Collected data entries:
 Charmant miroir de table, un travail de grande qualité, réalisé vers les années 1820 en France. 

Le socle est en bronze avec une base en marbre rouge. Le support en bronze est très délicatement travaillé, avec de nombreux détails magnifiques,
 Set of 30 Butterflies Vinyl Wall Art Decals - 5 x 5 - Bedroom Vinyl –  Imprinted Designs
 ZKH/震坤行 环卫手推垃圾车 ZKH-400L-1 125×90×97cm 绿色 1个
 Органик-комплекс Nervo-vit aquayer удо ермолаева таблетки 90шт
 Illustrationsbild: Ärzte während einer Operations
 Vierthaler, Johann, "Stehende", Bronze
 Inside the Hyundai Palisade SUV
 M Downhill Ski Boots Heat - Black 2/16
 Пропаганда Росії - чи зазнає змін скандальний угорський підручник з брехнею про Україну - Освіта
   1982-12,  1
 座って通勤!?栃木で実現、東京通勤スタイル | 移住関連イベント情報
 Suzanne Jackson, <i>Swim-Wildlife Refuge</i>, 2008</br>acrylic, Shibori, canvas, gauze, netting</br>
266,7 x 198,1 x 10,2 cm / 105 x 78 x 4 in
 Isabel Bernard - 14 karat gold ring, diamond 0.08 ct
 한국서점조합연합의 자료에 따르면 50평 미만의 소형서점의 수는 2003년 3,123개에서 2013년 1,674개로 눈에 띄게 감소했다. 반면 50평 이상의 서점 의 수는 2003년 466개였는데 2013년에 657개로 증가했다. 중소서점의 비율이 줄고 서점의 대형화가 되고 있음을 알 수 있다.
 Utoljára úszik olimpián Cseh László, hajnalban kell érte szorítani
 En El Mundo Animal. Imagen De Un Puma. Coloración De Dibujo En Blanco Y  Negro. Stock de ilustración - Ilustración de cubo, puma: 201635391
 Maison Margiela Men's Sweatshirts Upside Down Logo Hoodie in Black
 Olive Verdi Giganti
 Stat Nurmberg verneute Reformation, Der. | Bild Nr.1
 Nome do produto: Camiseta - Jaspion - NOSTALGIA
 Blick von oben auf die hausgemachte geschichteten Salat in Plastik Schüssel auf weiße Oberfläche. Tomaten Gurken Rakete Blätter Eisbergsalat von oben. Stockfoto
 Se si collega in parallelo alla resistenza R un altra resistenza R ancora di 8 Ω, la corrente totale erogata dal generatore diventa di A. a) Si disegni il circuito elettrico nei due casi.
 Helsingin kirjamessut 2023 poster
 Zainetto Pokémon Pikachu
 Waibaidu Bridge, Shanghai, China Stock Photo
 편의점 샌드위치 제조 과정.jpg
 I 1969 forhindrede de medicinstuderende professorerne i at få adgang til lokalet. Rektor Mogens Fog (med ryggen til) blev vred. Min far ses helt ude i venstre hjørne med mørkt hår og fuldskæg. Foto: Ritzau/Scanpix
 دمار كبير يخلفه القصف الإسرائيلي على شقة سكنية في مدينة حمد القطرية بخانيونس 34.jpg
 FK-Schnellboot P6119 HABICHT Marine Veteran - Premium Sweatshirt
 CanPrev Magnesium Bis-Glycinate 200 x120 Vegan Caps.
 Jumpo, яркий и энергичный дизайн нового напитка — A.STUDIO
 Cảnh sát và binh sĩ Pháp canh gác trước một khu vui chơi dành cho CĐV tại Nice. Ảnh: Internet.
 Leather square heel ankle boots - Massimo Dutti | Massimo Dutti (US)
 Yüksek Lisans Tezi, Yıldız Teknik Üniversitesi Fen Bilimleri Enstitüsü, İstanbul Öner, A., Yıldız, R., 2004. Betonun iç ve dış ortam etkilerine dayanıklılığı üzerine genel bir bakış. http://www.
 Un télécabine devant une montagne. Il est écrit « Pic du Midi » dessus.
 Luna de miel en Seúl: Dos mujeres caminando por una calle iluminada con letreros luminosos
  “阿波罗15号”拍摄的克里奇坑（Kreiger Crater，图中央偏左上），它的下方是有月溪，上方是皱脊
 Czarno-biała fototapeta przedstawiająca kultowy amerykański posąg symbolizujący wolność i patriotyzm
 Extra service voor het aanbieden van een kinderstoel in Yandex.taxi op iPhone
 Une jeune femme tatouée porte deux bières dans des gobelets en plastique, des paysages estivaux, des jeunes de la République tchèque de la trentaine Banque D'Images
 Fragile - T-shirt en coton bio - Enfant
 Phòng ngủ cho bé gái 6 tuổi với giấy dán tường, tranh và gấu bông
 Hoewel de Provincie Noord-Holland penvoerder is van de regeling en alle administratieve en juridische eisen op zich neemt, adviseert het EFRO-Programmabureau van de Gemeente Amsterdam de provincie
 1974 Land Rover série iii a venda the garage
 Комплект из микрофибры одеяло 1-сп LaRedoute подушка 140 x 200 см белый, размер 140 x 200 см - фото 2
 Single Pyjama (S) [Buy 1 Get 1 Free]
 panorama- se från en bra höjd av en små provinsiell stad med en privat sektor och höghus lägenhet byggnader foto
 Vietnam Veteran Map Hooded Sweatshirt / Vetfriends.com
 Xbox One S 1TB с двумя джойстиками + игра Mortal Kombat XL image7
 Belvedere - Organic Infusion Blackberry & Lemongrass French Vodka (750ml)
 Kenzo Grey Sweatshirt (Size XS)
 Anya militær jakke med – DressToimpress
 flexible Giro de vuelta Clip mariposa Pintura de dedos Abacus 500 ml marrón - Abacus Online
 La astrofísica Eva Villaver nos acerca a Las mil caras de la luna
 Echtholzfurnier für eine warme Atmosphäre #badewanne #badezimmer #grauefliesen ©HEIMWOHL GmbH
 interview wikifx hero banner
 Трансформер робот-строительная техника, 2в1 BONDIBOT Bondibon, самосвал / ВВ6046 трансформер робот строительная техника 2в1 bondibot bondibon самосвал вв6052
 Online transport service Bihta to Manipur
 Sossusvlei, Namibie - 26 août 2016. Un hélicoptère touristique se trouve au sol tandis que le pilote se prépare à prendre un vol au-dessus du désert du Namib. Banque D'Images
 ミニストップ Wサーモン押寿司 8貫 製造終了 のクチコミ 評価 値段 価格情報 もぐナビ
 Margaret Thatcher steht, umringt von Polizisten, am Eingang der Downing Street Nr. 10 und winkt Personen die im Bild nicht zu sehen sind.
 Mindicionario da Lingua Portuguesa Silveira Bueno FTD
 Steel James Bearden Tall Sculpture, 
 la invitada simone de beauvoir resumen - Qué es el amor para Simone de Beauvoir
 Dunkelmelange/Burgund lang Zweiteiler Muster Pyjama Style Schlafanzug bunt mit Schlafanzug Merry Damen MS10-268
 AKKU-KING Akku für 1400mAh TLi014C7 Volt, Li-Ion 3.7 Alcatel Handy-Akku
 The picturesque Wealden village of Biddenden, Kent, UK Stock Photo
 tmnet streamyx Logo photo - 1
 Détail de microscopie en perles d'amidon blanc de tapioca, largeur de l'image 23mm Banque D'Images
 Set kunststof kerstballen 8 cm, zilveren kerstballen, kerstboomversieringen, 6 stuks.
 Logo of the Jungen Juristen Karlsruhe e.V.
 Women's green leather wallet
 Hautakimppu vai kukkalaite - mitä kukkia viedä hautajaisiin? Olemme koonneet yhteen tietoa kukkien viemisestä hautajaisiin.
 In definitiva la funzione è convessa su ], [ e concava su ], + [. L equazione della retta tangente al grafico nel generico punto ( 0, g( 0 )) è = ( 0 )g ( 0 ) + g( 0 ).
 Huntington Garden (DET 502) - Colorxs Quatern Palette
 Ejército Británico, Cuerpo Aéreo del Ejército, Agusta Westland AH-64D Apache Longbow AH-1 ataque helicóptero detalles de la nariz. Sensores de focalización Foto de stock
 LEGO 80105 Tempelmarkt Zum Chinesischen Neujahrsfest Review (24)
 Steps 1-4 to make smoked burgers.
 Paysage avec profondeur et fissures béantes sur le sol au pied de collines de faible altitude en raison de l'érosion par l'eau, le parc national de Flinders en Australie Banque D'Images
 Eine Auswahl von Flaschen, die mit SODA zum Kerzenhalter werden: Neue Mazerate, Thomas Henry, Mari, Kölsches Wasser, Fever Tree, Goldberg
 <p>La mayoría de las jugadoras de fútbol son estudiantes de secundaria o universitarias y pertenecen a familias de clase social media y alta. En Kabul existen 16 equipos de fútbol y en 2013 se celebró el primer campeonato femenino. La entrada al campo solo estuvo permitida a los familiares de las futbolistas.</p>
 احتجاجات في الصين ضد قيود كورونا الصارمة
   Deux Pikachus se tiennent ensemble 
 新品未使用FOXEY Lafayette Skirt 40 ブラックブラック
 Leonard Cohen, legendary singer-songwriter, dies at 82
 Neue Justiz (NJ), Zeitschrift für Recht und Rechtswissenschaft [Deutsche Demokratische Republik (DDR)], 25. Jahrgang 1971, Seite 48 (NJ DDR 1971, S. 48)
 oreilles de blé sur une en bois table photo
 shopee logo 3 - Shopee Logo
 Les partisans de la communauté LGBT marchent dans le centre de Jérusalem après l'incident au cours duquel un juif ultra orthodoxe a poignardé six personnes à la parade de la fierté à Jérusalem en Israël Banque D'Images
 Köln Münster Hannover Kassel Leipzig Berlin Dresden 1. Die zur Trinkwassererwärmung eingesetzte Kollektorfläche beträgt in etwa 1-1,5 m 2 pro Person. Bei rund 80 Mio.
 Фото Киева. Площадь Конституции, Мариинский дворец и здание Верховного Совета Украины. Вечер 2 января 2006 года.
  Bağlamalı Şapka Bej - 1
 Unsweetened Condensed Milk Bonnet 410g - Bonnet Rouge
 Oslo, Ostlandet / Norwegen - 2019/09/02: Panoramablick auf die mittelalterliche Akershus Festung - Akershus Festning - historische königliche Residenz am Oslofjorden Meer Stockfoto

What this task involves
Lines to set down from above: the line with "ミニストップ Wサーモン押寿司 8貫", the line with "Mindicionario da Lingua", and every line between, each exactly as written.

Your response
 ミニストップ Wサーモン押寿司 8貫 製造終了 のクチコミ 評価 値段 価格情報 もぐナビ
 Margaret Thatcher steht, umringt von Polizisten, am Eingang der Downing Street Nr. 10 und winkt Personen die im Bild nicht zu sehen sind.
 Mindicionario da Lingua Portuguesa Silveira Bueno FTD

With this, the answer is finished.